MSA SAFETY INCORPORATED (NYSE:MSA) Files An 8-K Departure of Directors or Certain Officers; Election of Directors; Appointment of Certain Officers; Compensatory Arrangements of Certain OfficersItem 5.02 Departure of Directors or Certain Officers; Election of Directors; Appointment of Certain Officers; Compensatory Arrangements of Certain Officers.
MSA SAFETY INCORPORATED (NYSE:MSA) Files An 8-K Departure of Directors or Certain Officers; Election of Directors; Appointment of Certain Officers; Compensatory Arrangements of Certain Officers
Explanatory Note
On June 4, 2017, MSA Safety Incorporated (the “Company”) filed a Current Report on Form 8‑K reporting that Nishan J. Vartanian had been elected to the position of President and Chief Operating Officer of the Company. On June 19, 2017, the Compensation Committee of the Board of Directors amended the compensation package of, and made certain awards to, Mr. Vartanian. to Instruction 2 to Item 5.02 of Form 8-K, this Form 8-K/A is being filed for the purpose of reporting such compensation.

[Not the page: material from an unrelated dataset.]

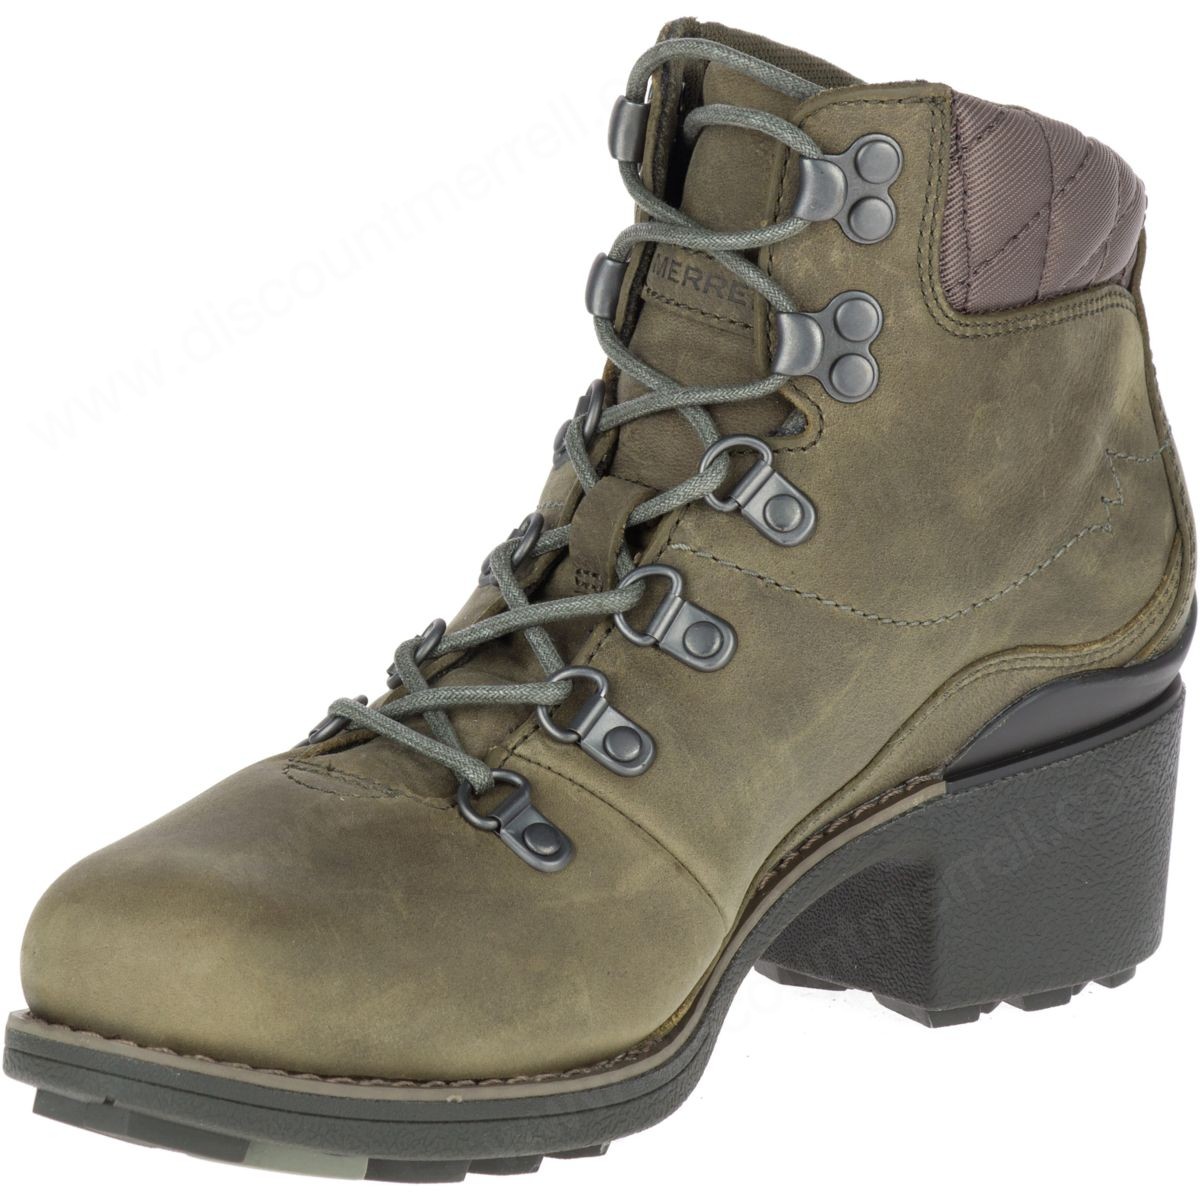 Merrell Woman's Chateau Mid Lace Waterproof Dusty Olive - -5

(c) The Compensation Committee made certain changes to the compensation of, and made certain awards to, Mr. Vartanian. The compensation to be paid to Mr. Vartanian will be paid to the Company’s existing executive compensation programs, as such programs are described in the Company’s Proxy Statement dated April 7, 2017 (the “2017 Proxy Statement”), which is incorporated herein by reference.
Effective June 5, 2017, Mr. Vartanian will have a base salary of $500,000 and certain adjustments will be made to the target cash incentive award amount and the performance targets with respect to Mr. Vartanian’s participation in the Company’s Non-CEO Executive Incentive Plan. For the target cash incentive award, Mr. Vartanian’s percent of salary midpoint will increase to 80% and the target award amount will be $402,360. There will also be certain adjustments to Mr. Vartanian’s performance measures under such plan, to use Company’s consolidated financial results as compared to financial results from solely the Americas.
Mr. Vartanian will also receive, effective June 26, 2017, additional long term incentive awards. He will receive time-vesting restricted stock units with a fair market value of $500,000, with a cliff vesting period of three years from the date of grant. He will further receive performance stock units with a fair market value of $500,000. The performance stock units will vest on March 8, 2020 with a performance period of June 1, 2017 through December 31, 2019. The performance metrics for the grant will be similar to those described for the grants of 2016 performance stock units in the 2017 Proxy Statement, except that the metrics will be based 40% on operating margin and 60% on revenue growth. Further details on Mr. Vartanian’s compensation will be included in the Company’s 2018 Proxy Statement.